◆ Task description
Would you reproduce the whole listing exactly, minus its images?

◆ Supplied data
● ● ● ●
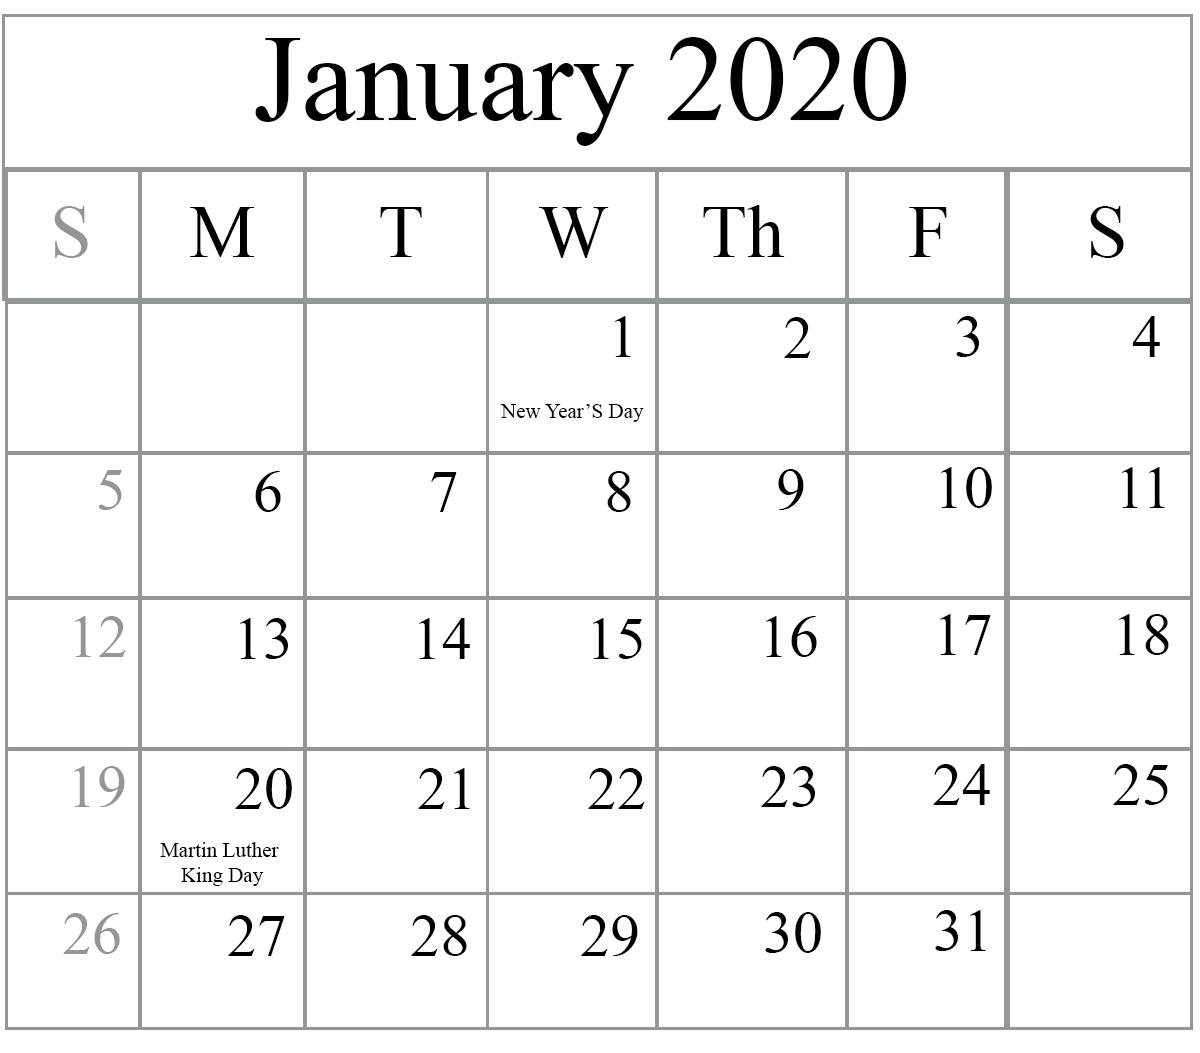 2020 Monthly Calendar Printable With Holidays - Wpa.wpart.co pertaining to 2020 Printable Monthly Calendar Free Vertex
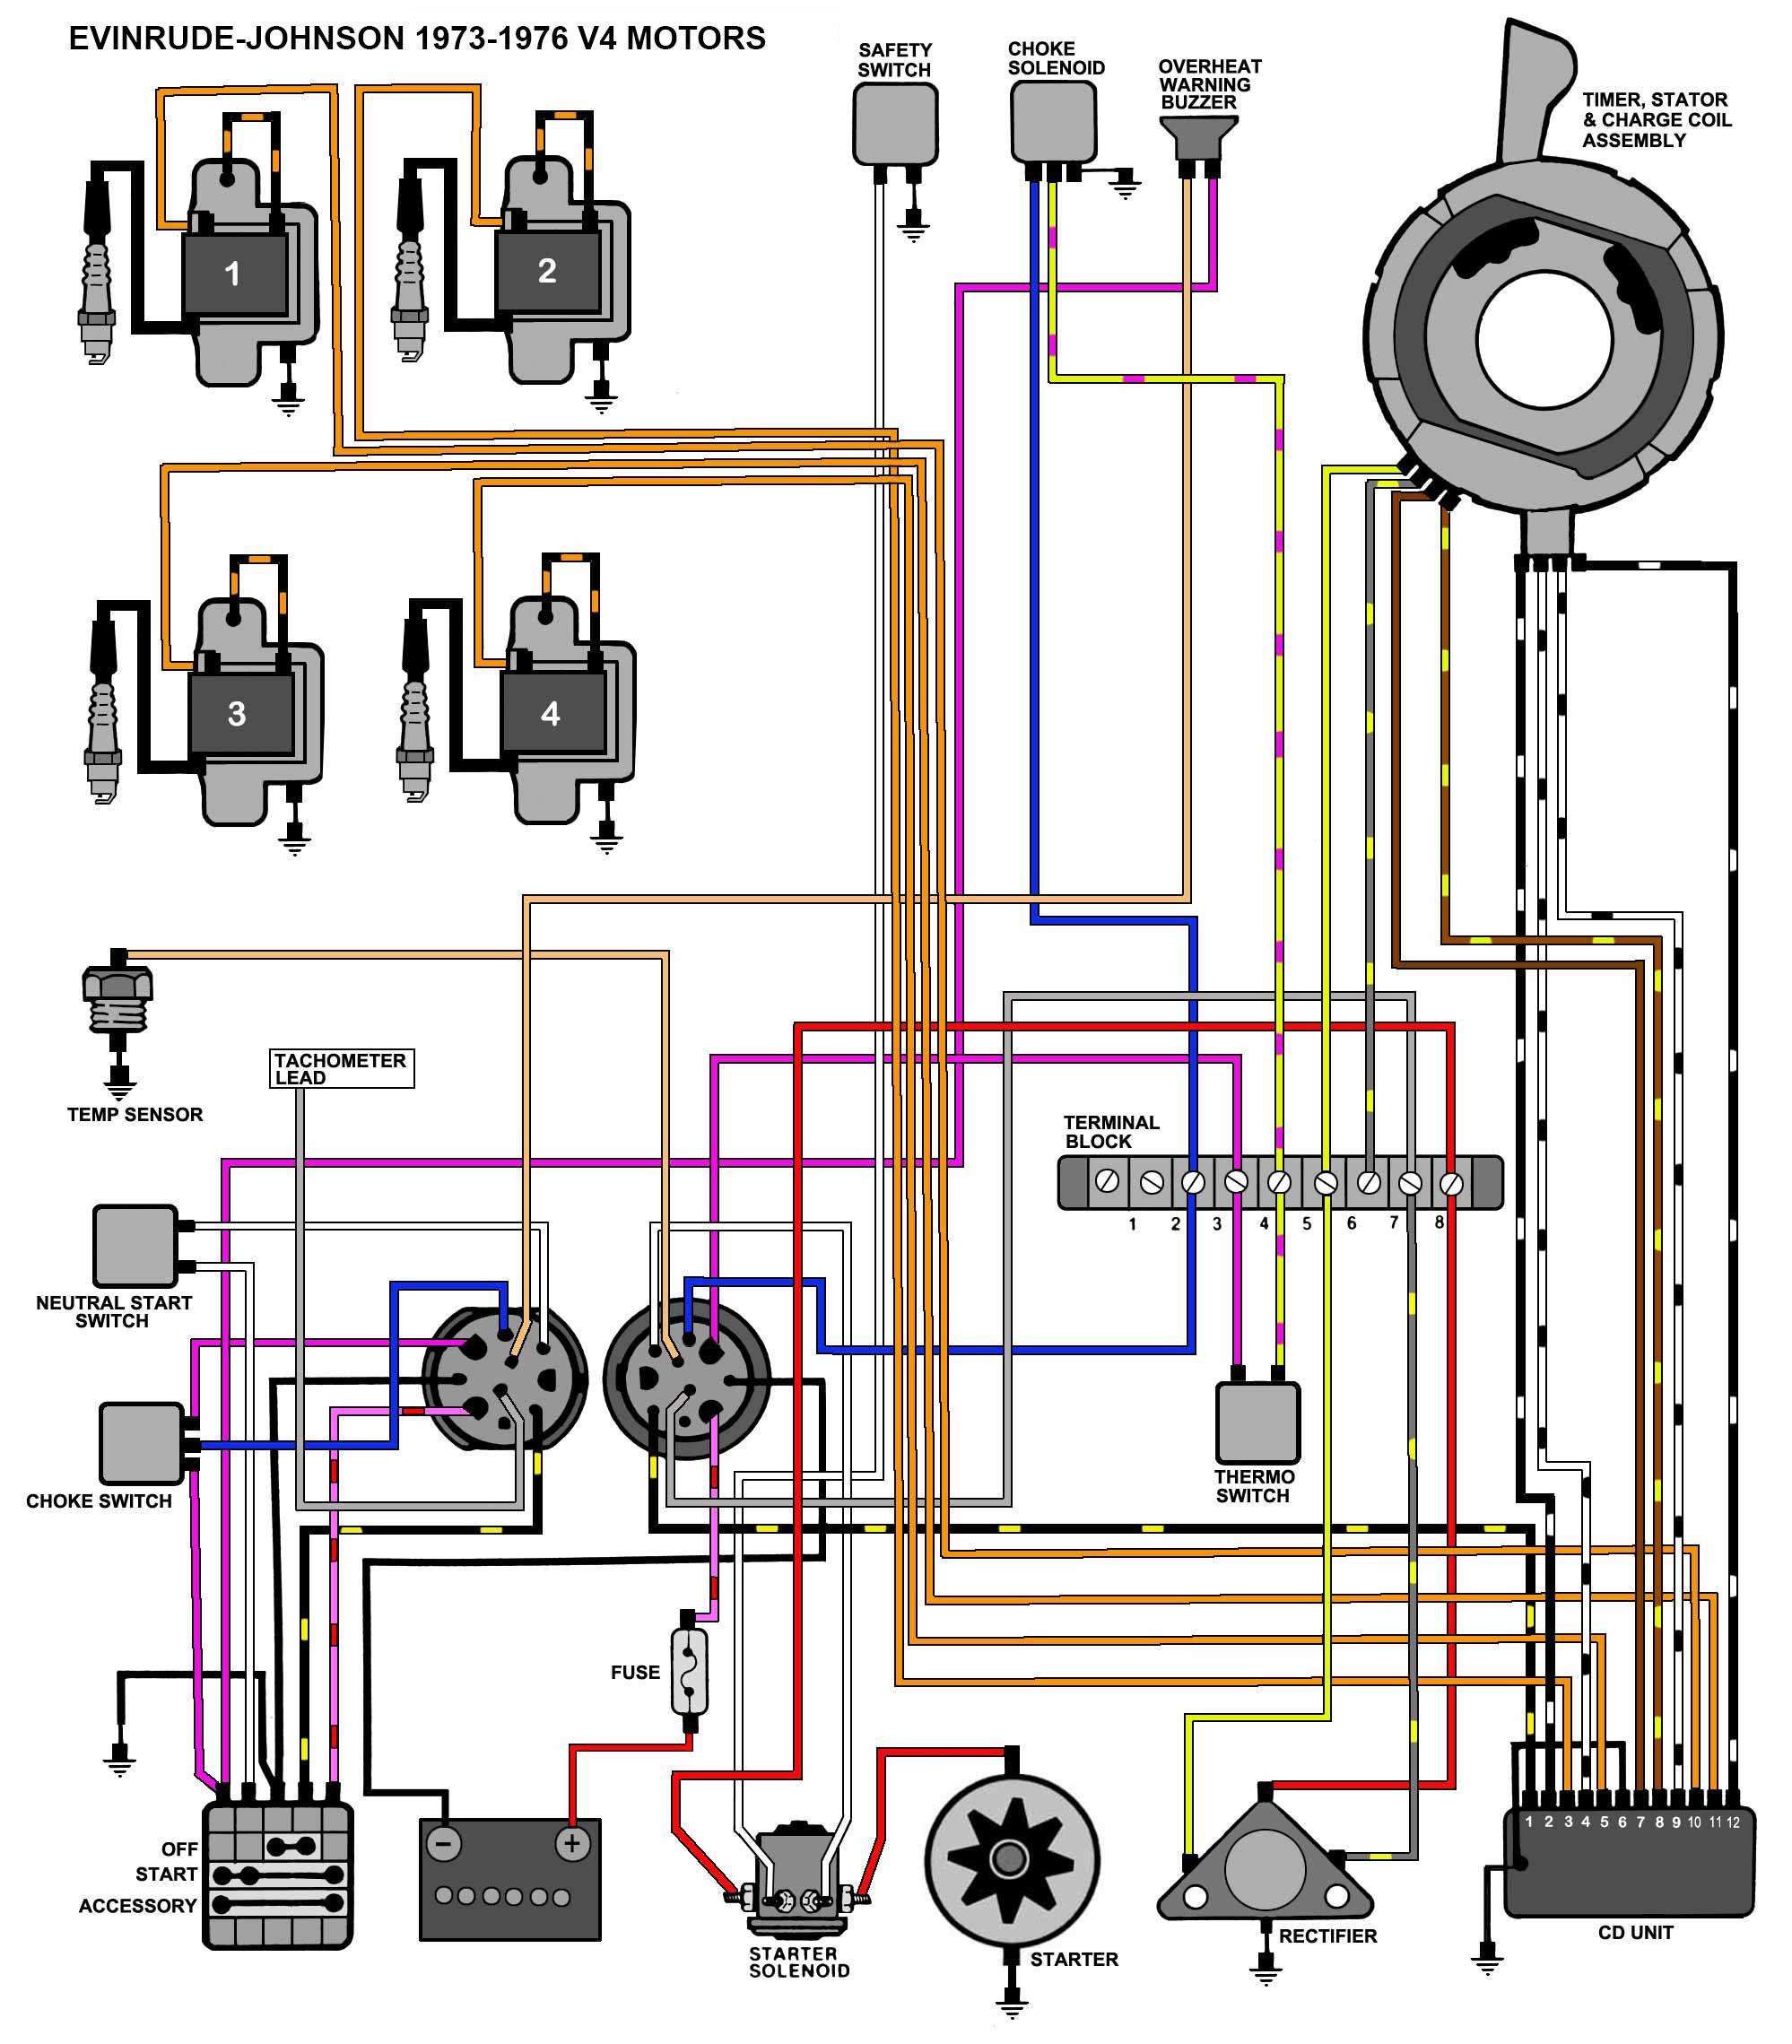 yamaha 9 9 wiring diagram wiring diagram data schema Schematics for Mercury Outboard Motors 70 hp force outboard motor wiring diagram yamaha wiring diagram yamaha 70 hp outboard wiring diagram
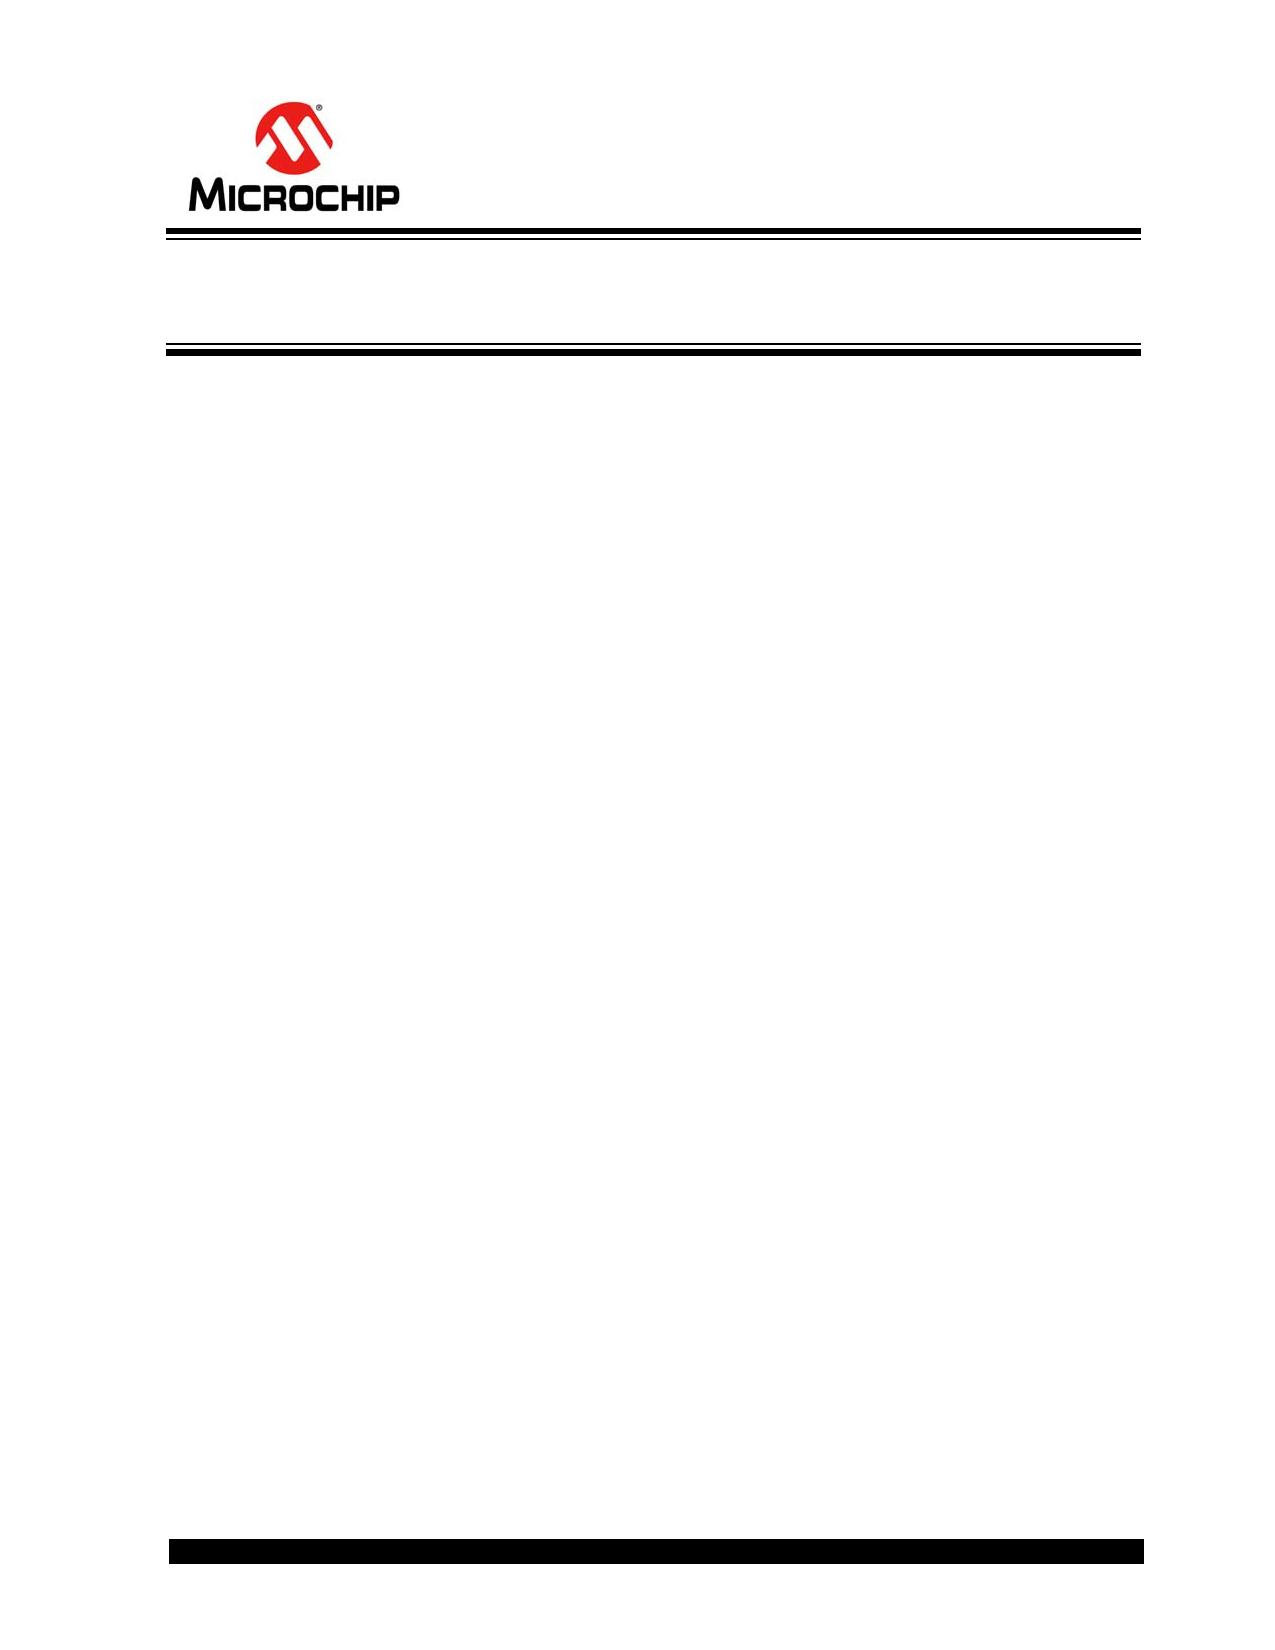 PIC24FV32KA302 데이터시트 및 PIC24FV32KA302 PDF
● ● ● ●
◆ Task solution
 2020 Monthly Calendar Printable With Holidays - Wpa.wpart.co pertaining to 2020 Printable Monthly Calendar Free Vertex
 yamaha 9 9 wiring diagram wiring diagram data schema Schematics for Mercury Outboard Motors 70 hp force outboard motor wiring diagram yamaha wiring diagram yamaha 70 hp outboard wiring diagram
 PIC24FV32KA302 데이터시트 및 PIC24FV32KA302 PDF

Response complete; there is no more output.